Nebraska was a largely treeless prairie region when, on April 10, 1872, it became the first state to celebrate Arbor Day by planting trees.
The celebration came a few months after J. Sterling Morton, a vice-president of the Nebraska State Board of Agriculture, first proposed to the Board that the day be set aside for tree planting and that they should offer a “special premium” or prize for the county and for the person that planted the most trees on that day. The Board approved his resolution. Reportedly, there were more than a million trees planted in the state that first year.
Julius Sterling Morton had moved to the Nebraska Territory in the mid 1850s with his wife, Caroline Joy Morton, and while he worked as a newspaper editor and politician, they both soon became known for their love of trees. An 1885 Nebraska State Historical Society biography describes the greenery at their home, known as Arbor Lodge, as including, “Flowers and flowering shrubs, and vines and evergreens in great abundance… trees of ornament and fruit, hedges and vines and flowers.”
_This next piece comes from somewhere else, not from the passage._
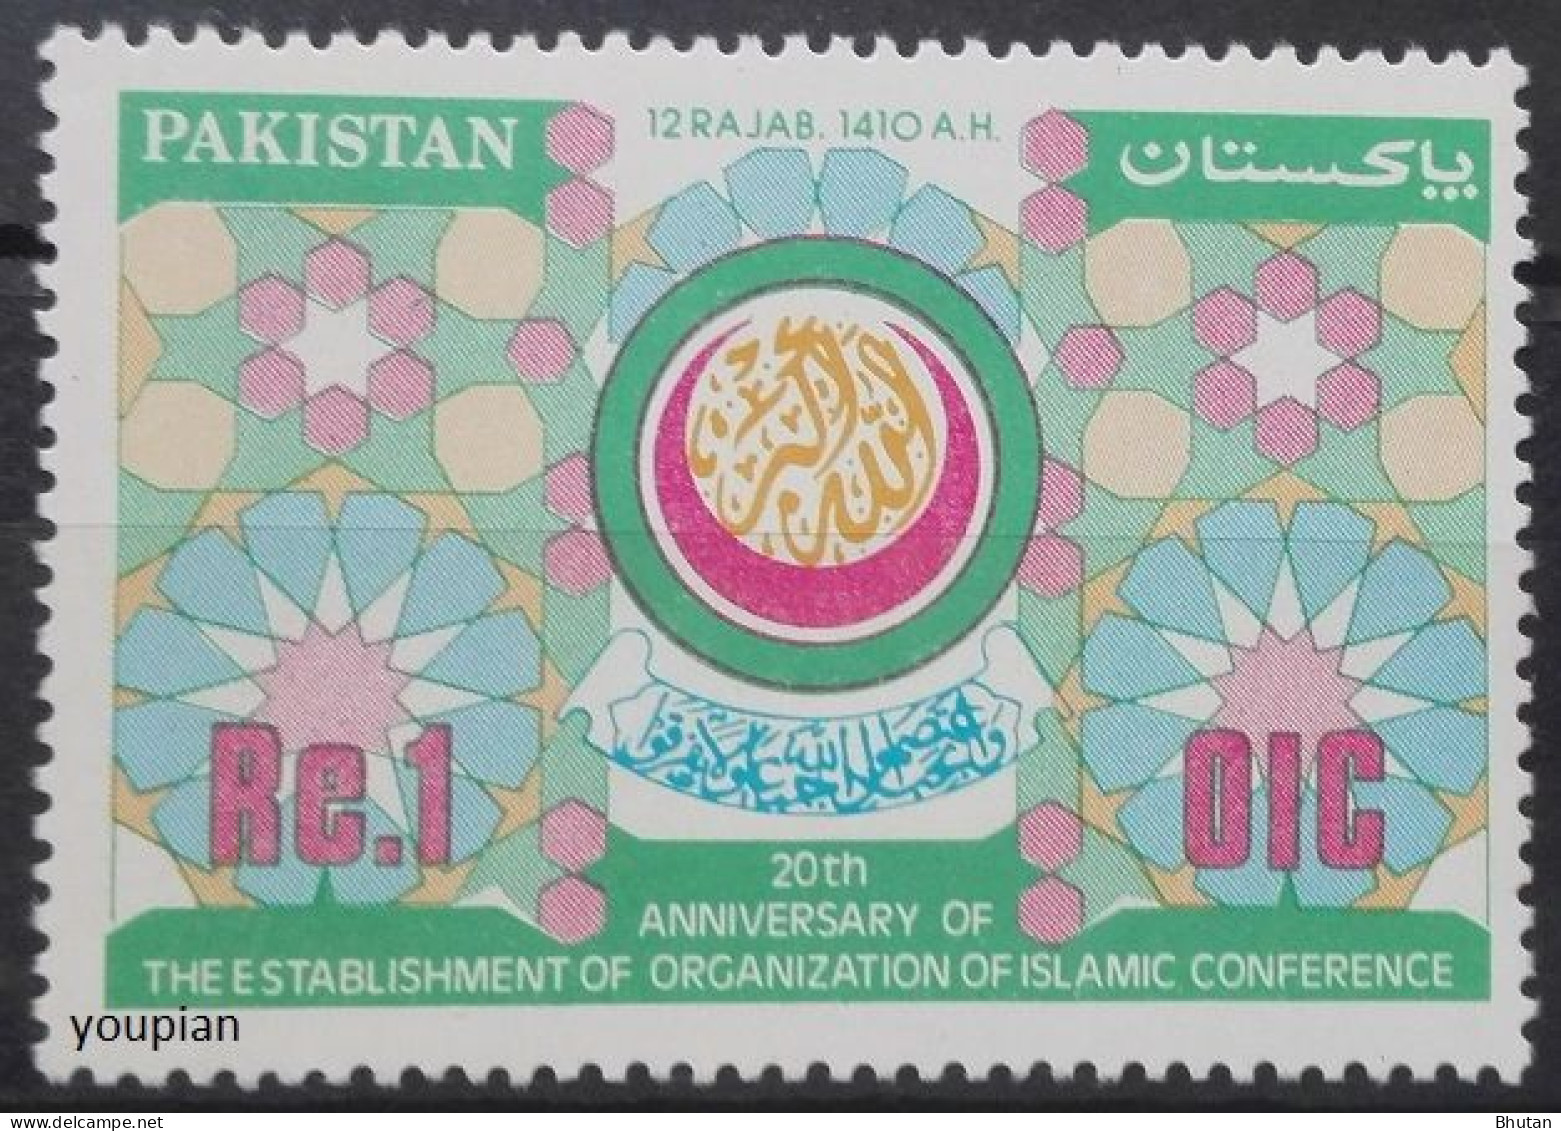 Pakistan 1990, The Establishment Of Organization Of Islamic Conference, MNH Single Stamp - Pakistan

Morton’s reasons for promoting the idea of Nebraskans planting trees were many. He always kept the underlying economic importance of trees in mind, and Shaul E. Cohen, in his book Planting Nature, quotes Morton’s reasoning for Arbor day as both a sentimental occasion for men to enrich themselves, and also an equalizing one since even the poorest landholder in the young state could plant a tree. (“The rain and sunshine and seasons will be his partners,” Morton said, “just as genially and gently as they will be those of any millionaire.”) And, as Nebraska’s Governor explained in his Arbor Day proclamation of 1883 — though the details of how that worked weren’t yet understood — it was held that planting trees could benefit the climate.
But Morton also believed that the beauty of trees was a reason unto itself: “To preserve beauty on the earth, beauty herself beseeches us to plant trees, and renew dead landscapes with the shadow and light of plant life flitting through the pendant limbs, the willowy boughs and the waving foliage of sturdy, yet graceful woods. Our ancestors planted orchards to fruit for us, and homes to give us shelter.”
Morton wasn’t the only one promoting tree planting at the time, but his idea for Arbor Day was quickly adopted in Nebraska and other states, and publicized through newspapers. Soon schools held planting ceremonies and read relevant passages from poetry and literature to mark the day. Arbor Day became a legal holiday in Nebraska in 1885 (April 22nd, to honor Morton’s birthday), and eventually expanded to the U.S. as a whole and even other countries. It’s perhaps not the most famous holiday on the calendar, but 145 years later people are still celebrating it by planting trees.
In 1893, he was made Secretary of Agriculture by President Grover Cleveland, and a few years later the Government Printing Office published a manual on the history and observance of Arbor Day. The report included addresses on the importance and meaning of the occasion from notables, information on how best to plant trees and selected excerpts of poetry and literature about trees. Its author, Nathaniel Hillyer Egleston, noted that “from being only a humble expedient of one of out Western States a few years ago, [Arbor Day] has become a national holiday and one of our most important institutions.” Egleston wrote that Arbor Day could not only teach students the importance of trees to the functioning of society, but also make them into “tree lovers. A tree sentiment will be created and established which will lead us to recognize and cherish the trees as friends.”
In 1907 President Theodore Roosevelt remarked on the occasion, which by then was an annual occurrence in every state, that “a people without children would face a hopeless future; a country without trees is almost as hopeless.”
A century after the holiday was first celebrated, the Arbor Day Foundation was created to continue encouraging people to plant and love trees, and President Nixon proclaimed National Arbor Day. Now the last Friday in April is National Arbor Day, which is when most but not all states celebrate it. Variations are also celebrated with planting all over the world.
Morton, for one, might not be surprised that his idea has endured for so long. In 1887, in an Arbor Day address at the State University at Lincoln, Neb., he noted the why Arbor Day was unusual among holidays: “Each of those reposes upon the past, while Arbor Day proposes for the future. It contemplates, not the good and the beautiful of past generations, but it sketches, outlines, establishes the useful and the beautiful for the ages yet to come.”